Start of Dataset excerpt
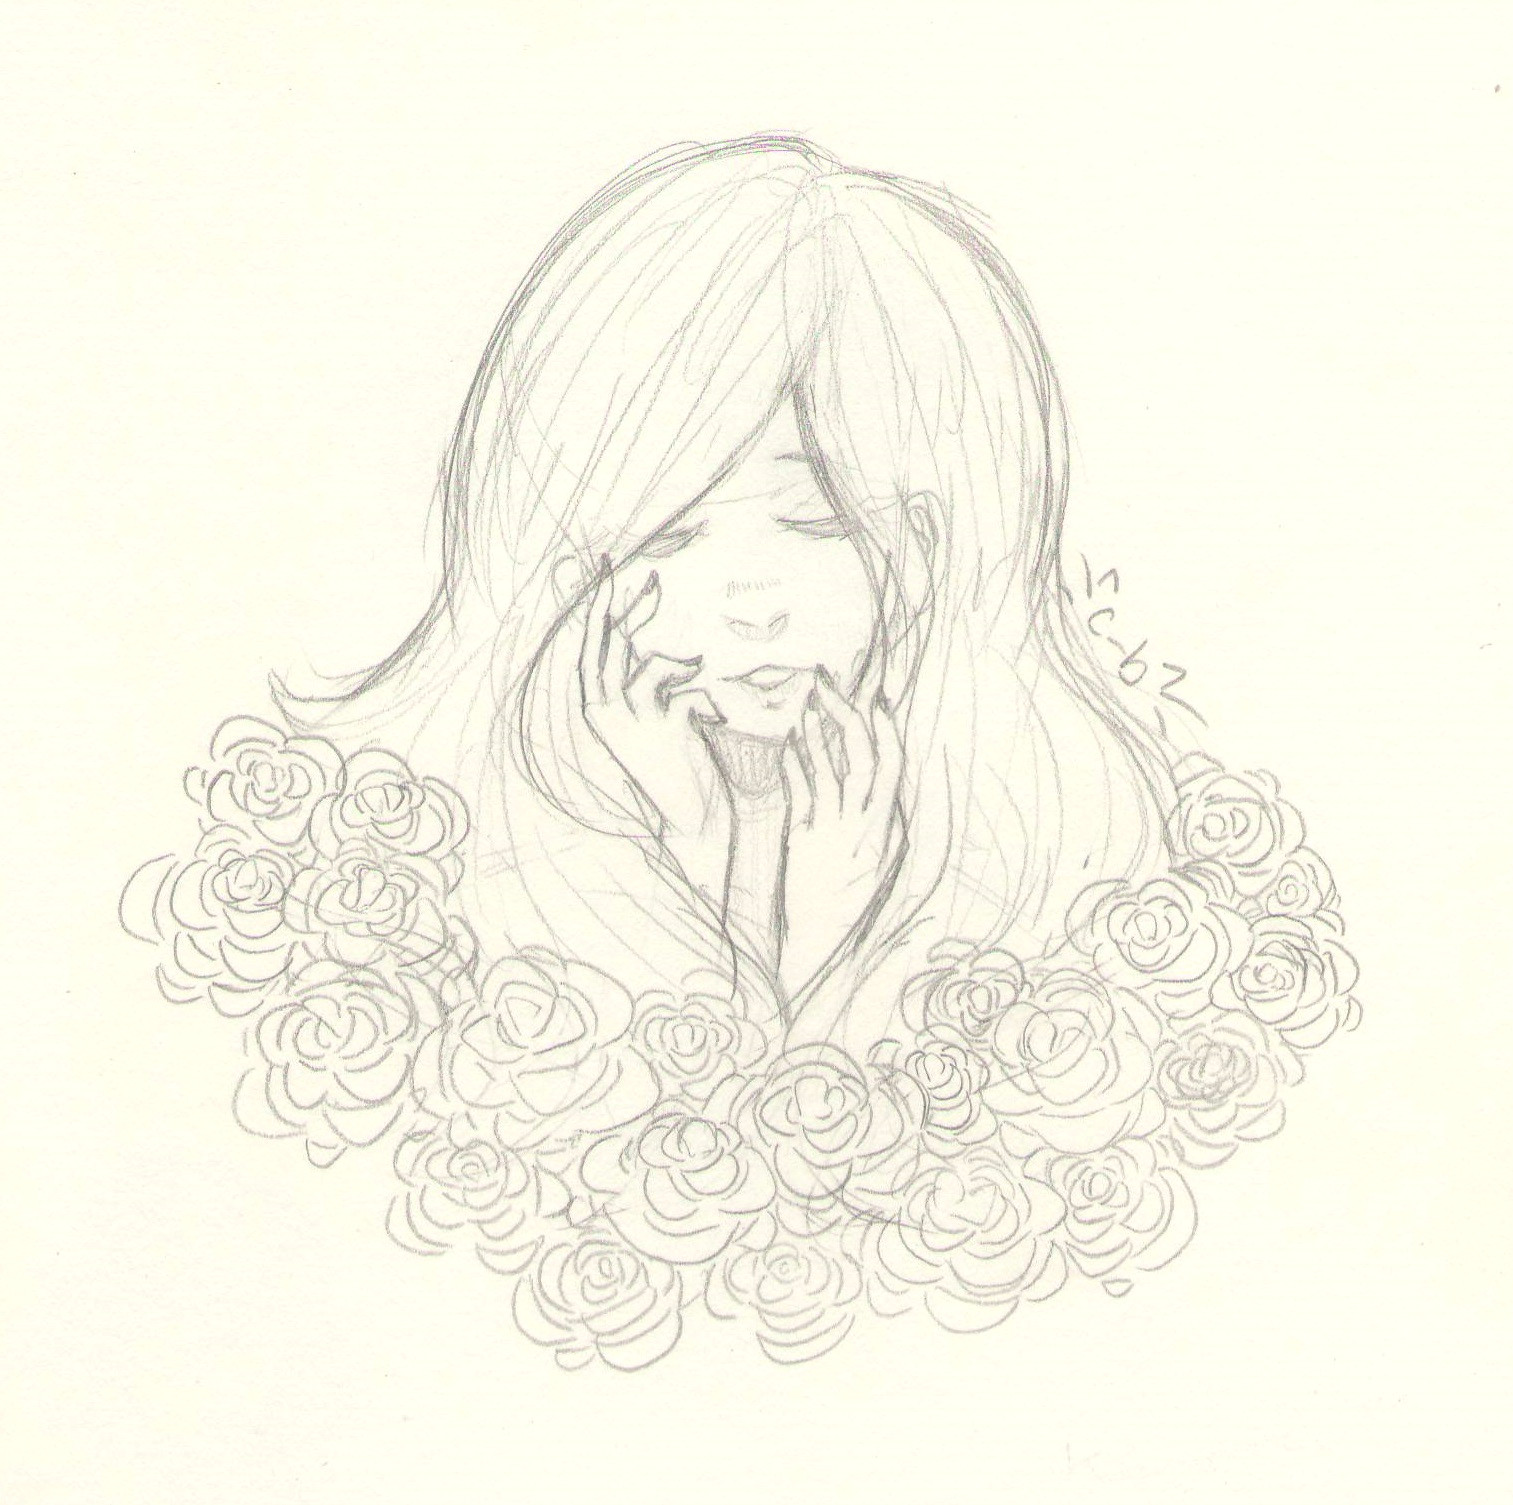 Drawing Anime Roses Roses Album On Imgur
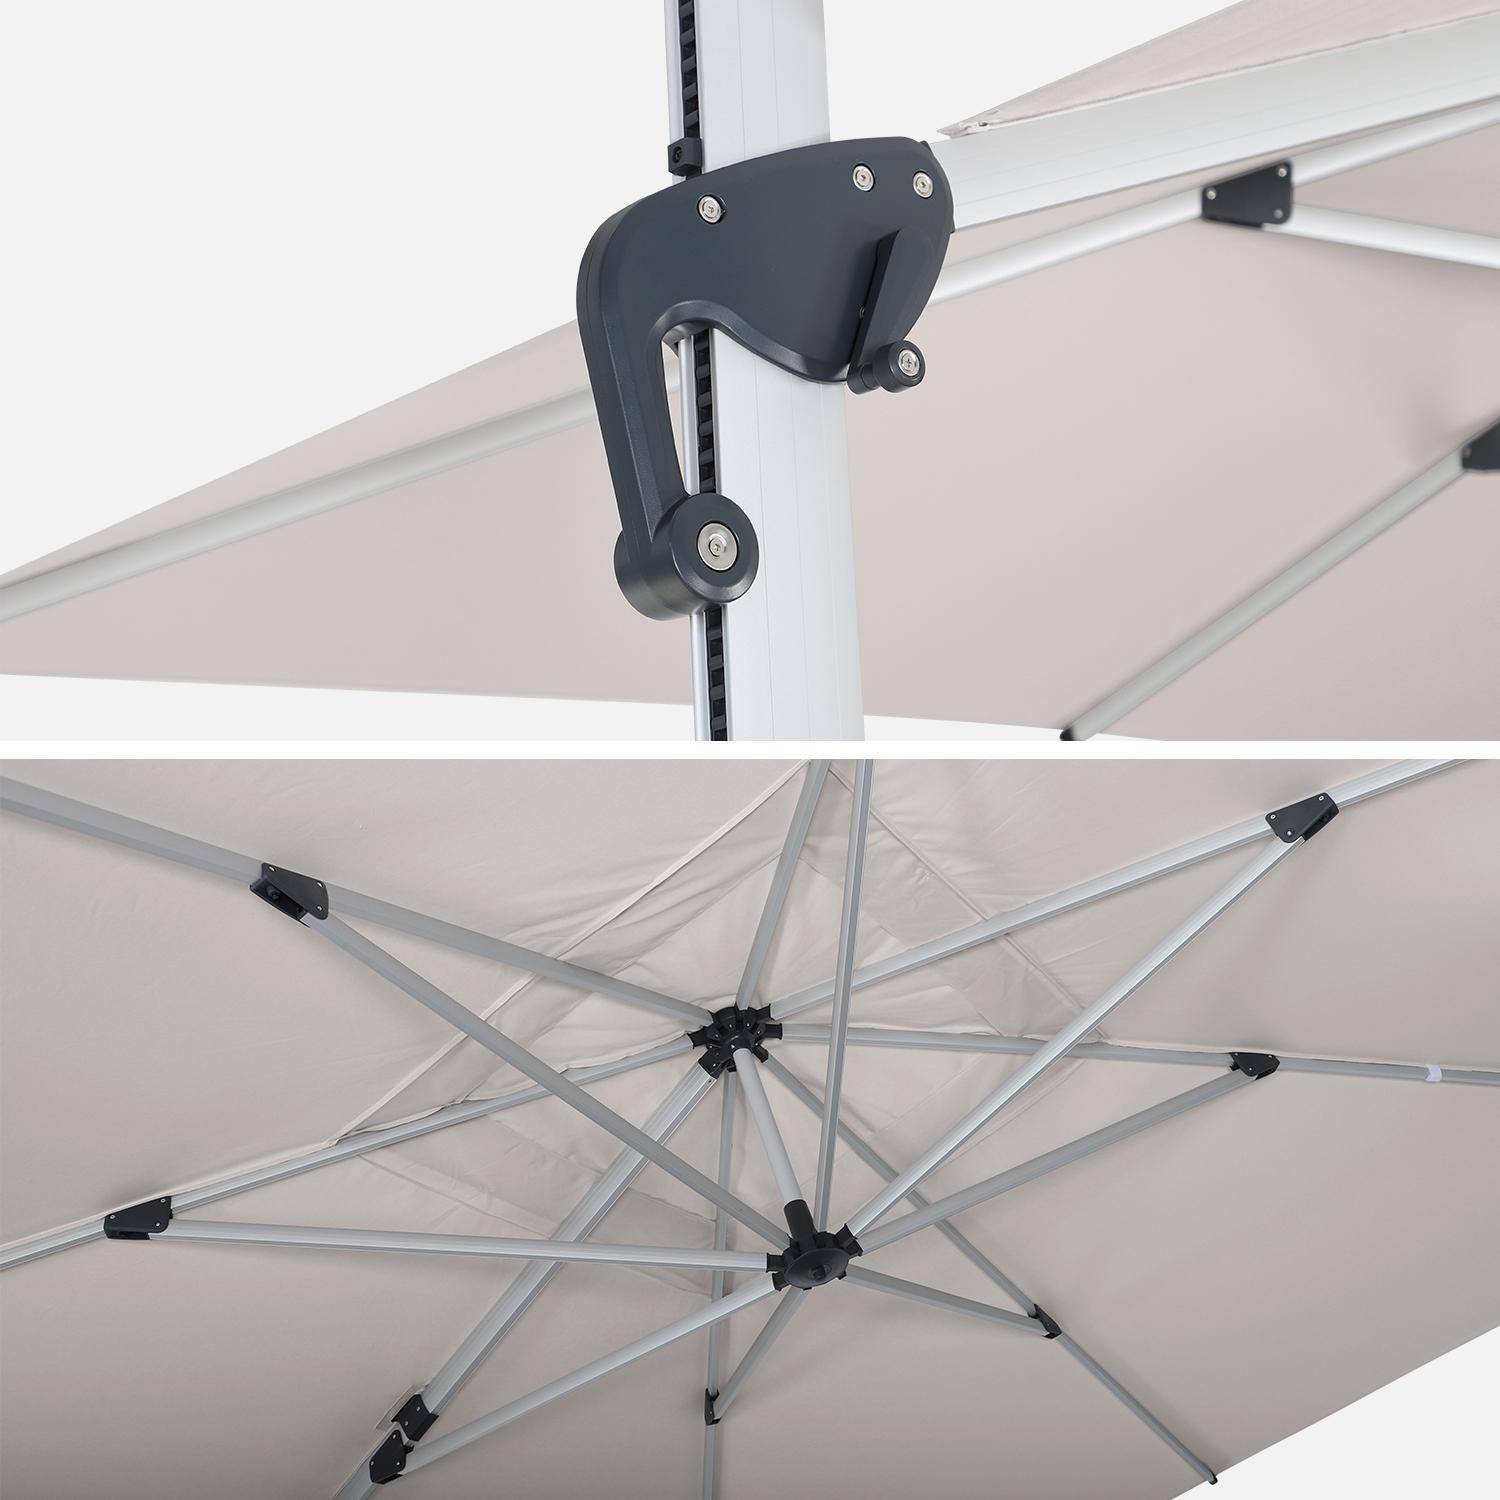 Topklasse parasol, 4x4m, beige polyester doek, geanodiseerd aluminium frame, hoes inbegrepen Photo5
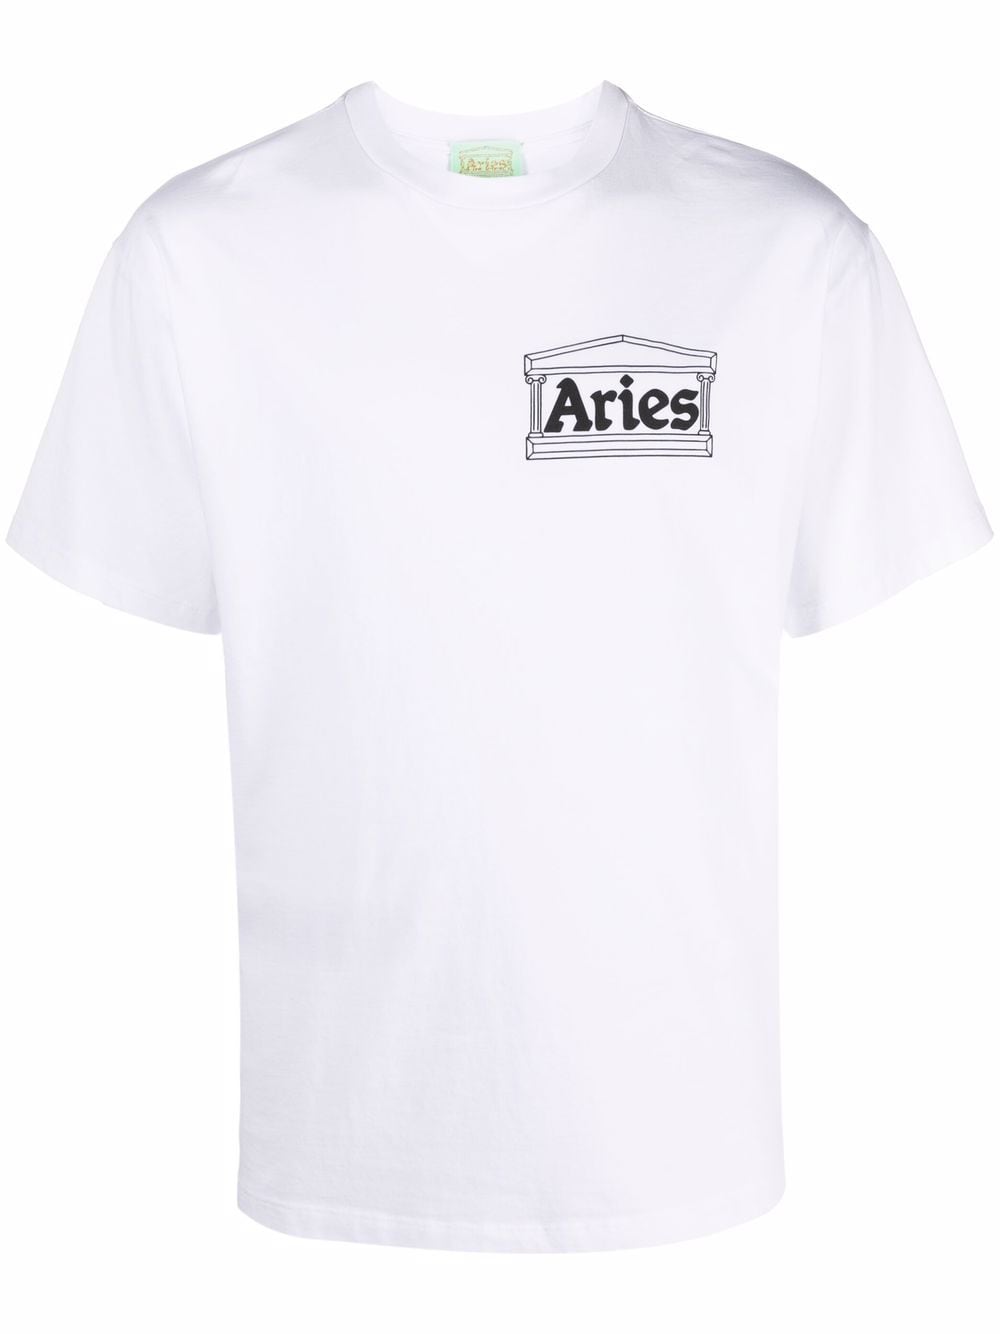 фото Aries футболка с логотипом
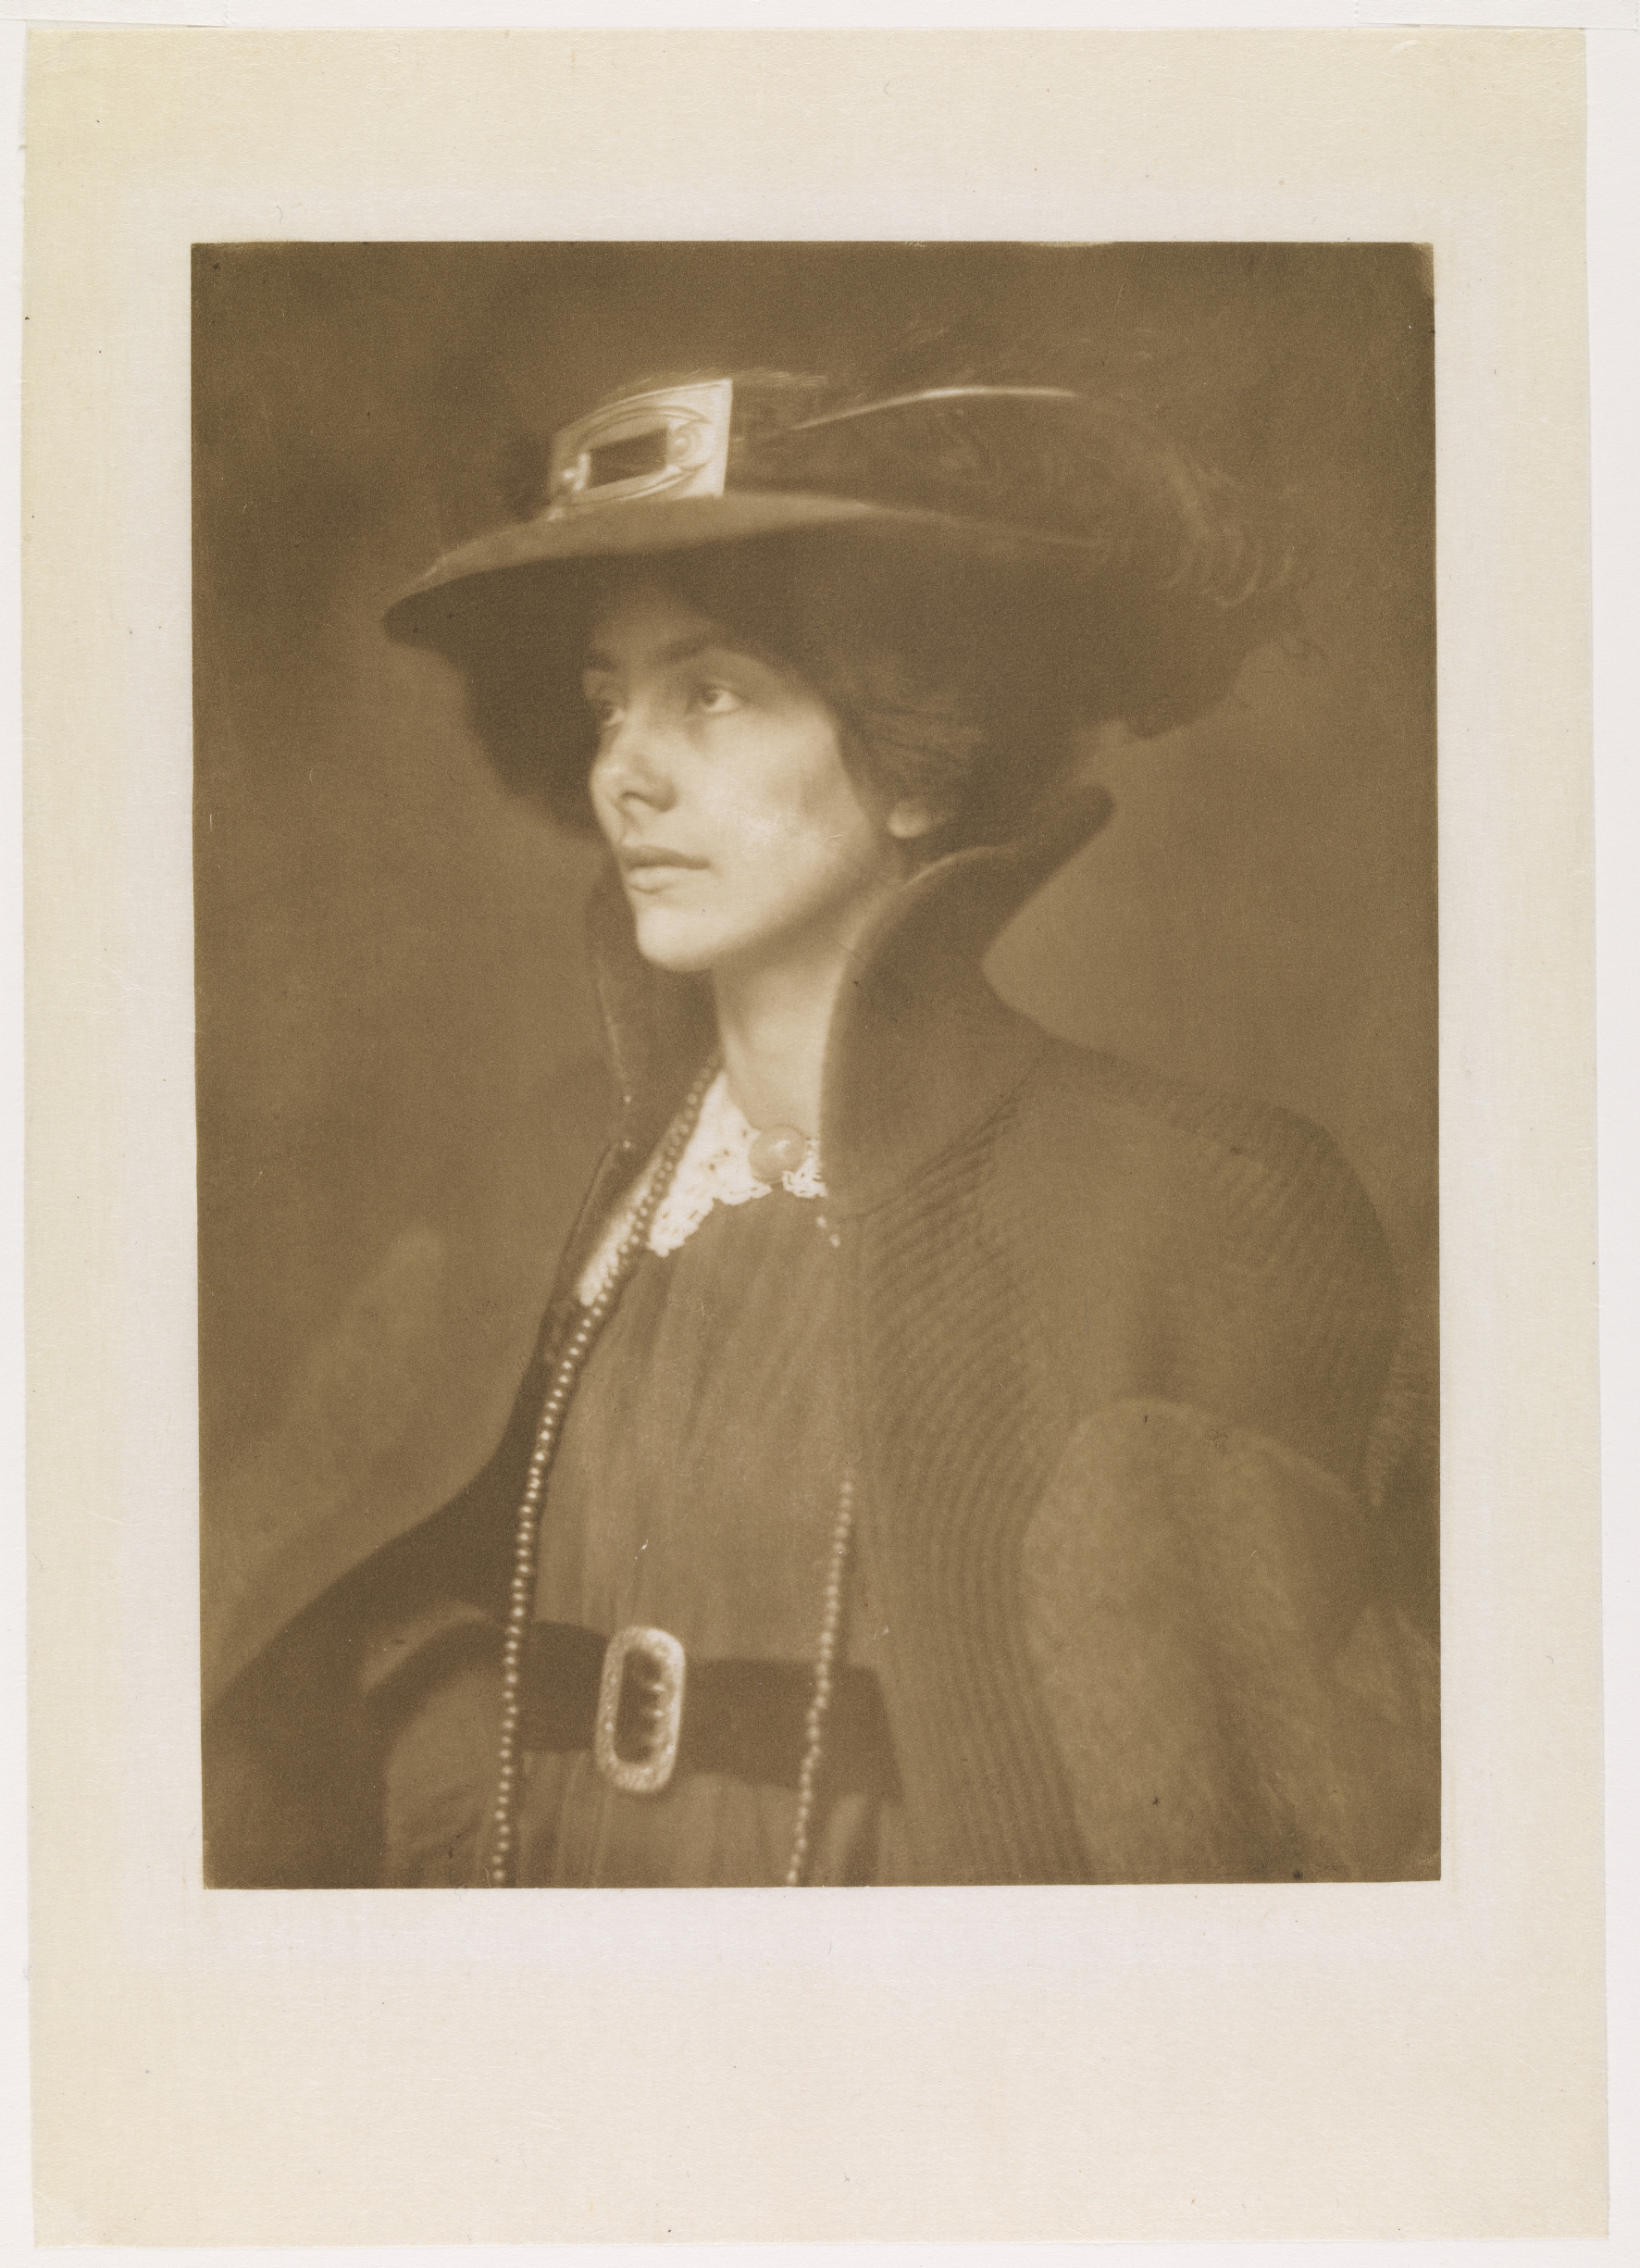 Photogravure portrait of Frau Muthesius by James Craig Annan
End of Dataset excerpt
▶ [How to complete this task]: Please reproduce the lines above from the one containing "фото Aries футболка с логотипом" through the final line, exactly and inclusively, leaving out each picture.

▶ [Output of the task]:
 фото Aries футболка с логотипом
 Photogravure portrait of Frau Muthesius by James Craig Annan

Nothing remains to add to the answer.